- District location in Sakon Nakhon province
- Coordinates: 17°9′20″N 104°8′2″E﻿ / ﻿17.15556°N 104.13389°E
- Country: Thailand
- Province: Sakon Nakhon

Area
- • Total: 1,023.4 km^{2} (395.1 sq mi)

Population (2005)
- • Total: 188,898
- • Density: 184.6/km^{2} (478/sq mi)
- Time zone: UTC+7 (ICT)
- Postal code: 47000
- Geocode: 4701

= Mueang Sakon Nakhon district =

Mueang Sakon Nakhon (เมืองสกลนคร, /th/; เมืองสกลนคร, /tts/) is the capital district (amphoe mueang) of Sakon Nakhon province, Thailand.

==Geography==
Neighboring districts are (from the north clockwise): Na Wa of Nakhon Phanom province, and Kusuman, Phon Na Kaeo, Khok Si Suphan, Tao Ngoi, Phu Phan, Kut Bak, and Phanna Nikhom of Sakon Nakhon Province.

To the northeast of the district is the Nong Han Lake, the largest natural lake of northeast Thailand.

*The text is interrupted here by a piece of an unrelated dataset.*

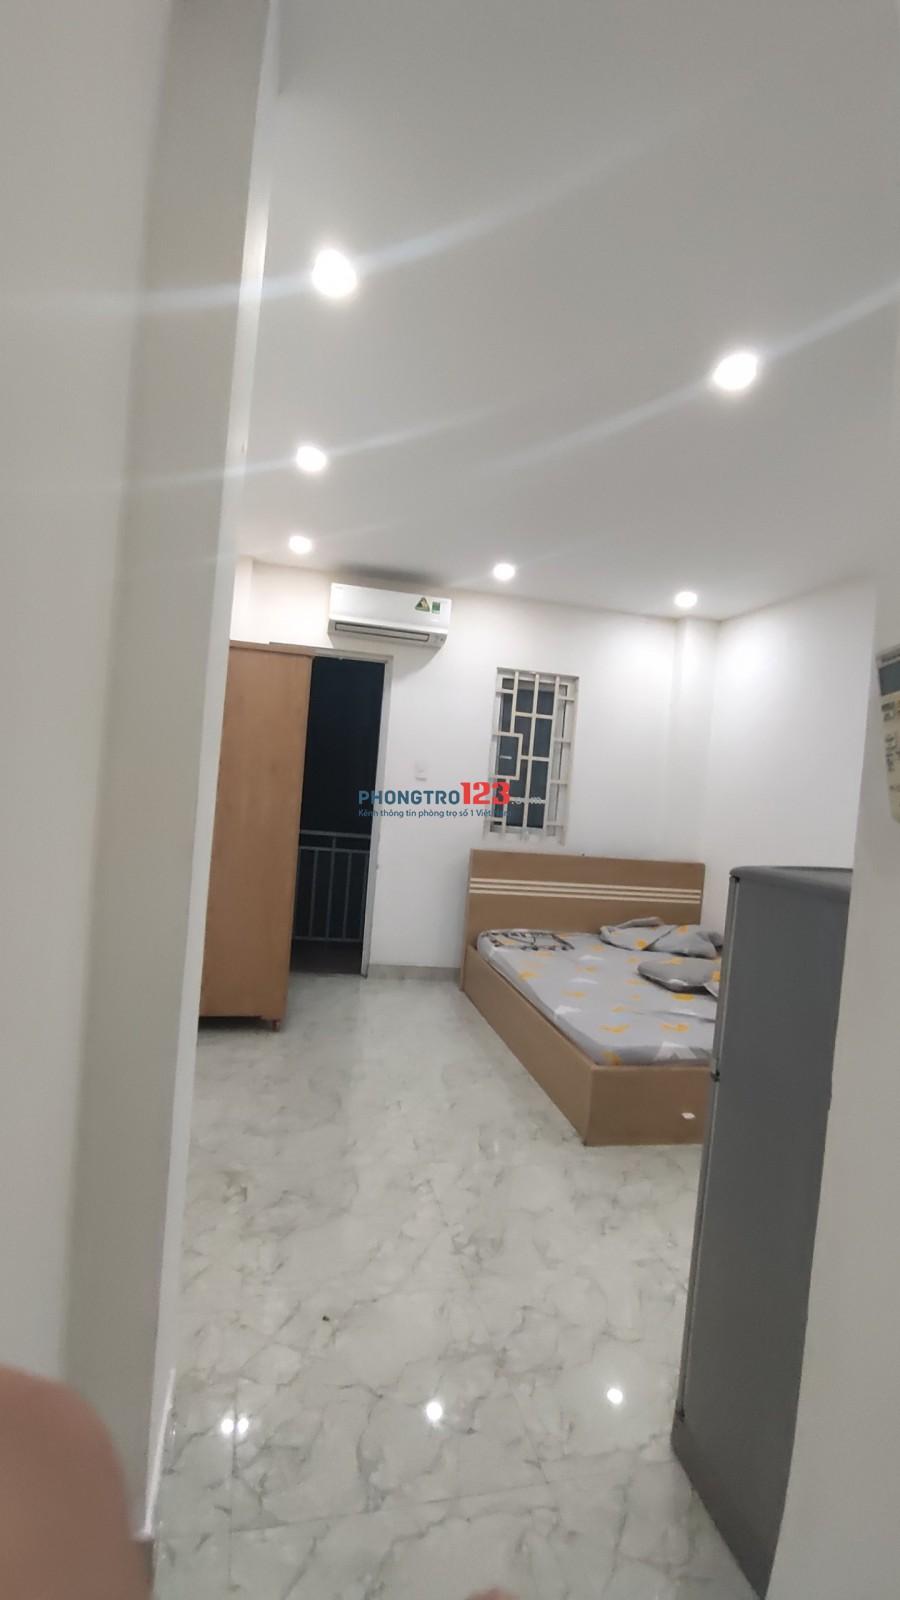 Cho thuê nhà đường Nguyễn Cửu Vân, ngay ĐH Hutech, chỉ 3.8 triệu/tháng

Within the township of Tha Rae is the center of the Roman Catholic Archdiocese of Thare and Nonseng.

== Administration ==
The district is divided into 16 sub-districts (tambons), which are further subdivided into 169 villages (mubans). The city (thesaban nakhon) Sakon Nakhon covers tambon of That Choeng Chum and parts of tambons Ngio Don, Huai Yang, Dong Mafai, That Na Weng, and Hang Hong. There are a further two townships (thesaban tambons). Dong Mafai covers parts of tambon Khamin, and Tha Rae covers parts of the same-named tambon. There are a further 15 tambon administrative organizations (TAO).
| No. | Name | Thai name | Villages | Pop. | |
| 1. | That Choeng Chum | ธาตุเชิงชุม | - | 53,949 | |
| 2. | Khamin | ขมิ้น | 13 | 17,490 | |
| 3. | Ngio Don | งิ้วด่อน | 16 | 7,705 | |
| 4. | Non Hom | โนนหอม | 10 | 6,705 | |
| 6. | Chiang Khruea | เชียงเครือ | 17 | 16,703 | |
| 7. | Tha Rae | ท่าแร่ | 8 | 10,986 | |
| 9. | Muang Lai | ม่วงลาย | 8 | 4,884 | |
| 11. | Dong Chon | ดงชน | 10 | 4,762 | |
| 12. | Huai Yang | ห้วยยาง | 16 | 13,354 | |
| 13. | Phang Khwang | พังขว้าง | 14 | 14,278 | |
| 15. | Dong Mafai | ดงมะไฟ | 11 | 9,304 | |
| 16. | That Na Weng | ธาตุนาเวง | 5 | 2,387 | |
| 17. | Lao Po Daeng | เหล่าปอแดง | 12 | 7,517 | |
| 18. | Nong Lat | หนองลาด | 10 | 6,273 | |
| 20. | Hang Hong | ฮางโฮง | 11 | 8,537 | |
| 21. | Khok Kong | โคกก่อง | 8 | 4,064 | |
Missing numbers belong to four tambons which now form Phon Na Kaeo District, and tambon Kok Pla Sio which is now in Phu Phan District.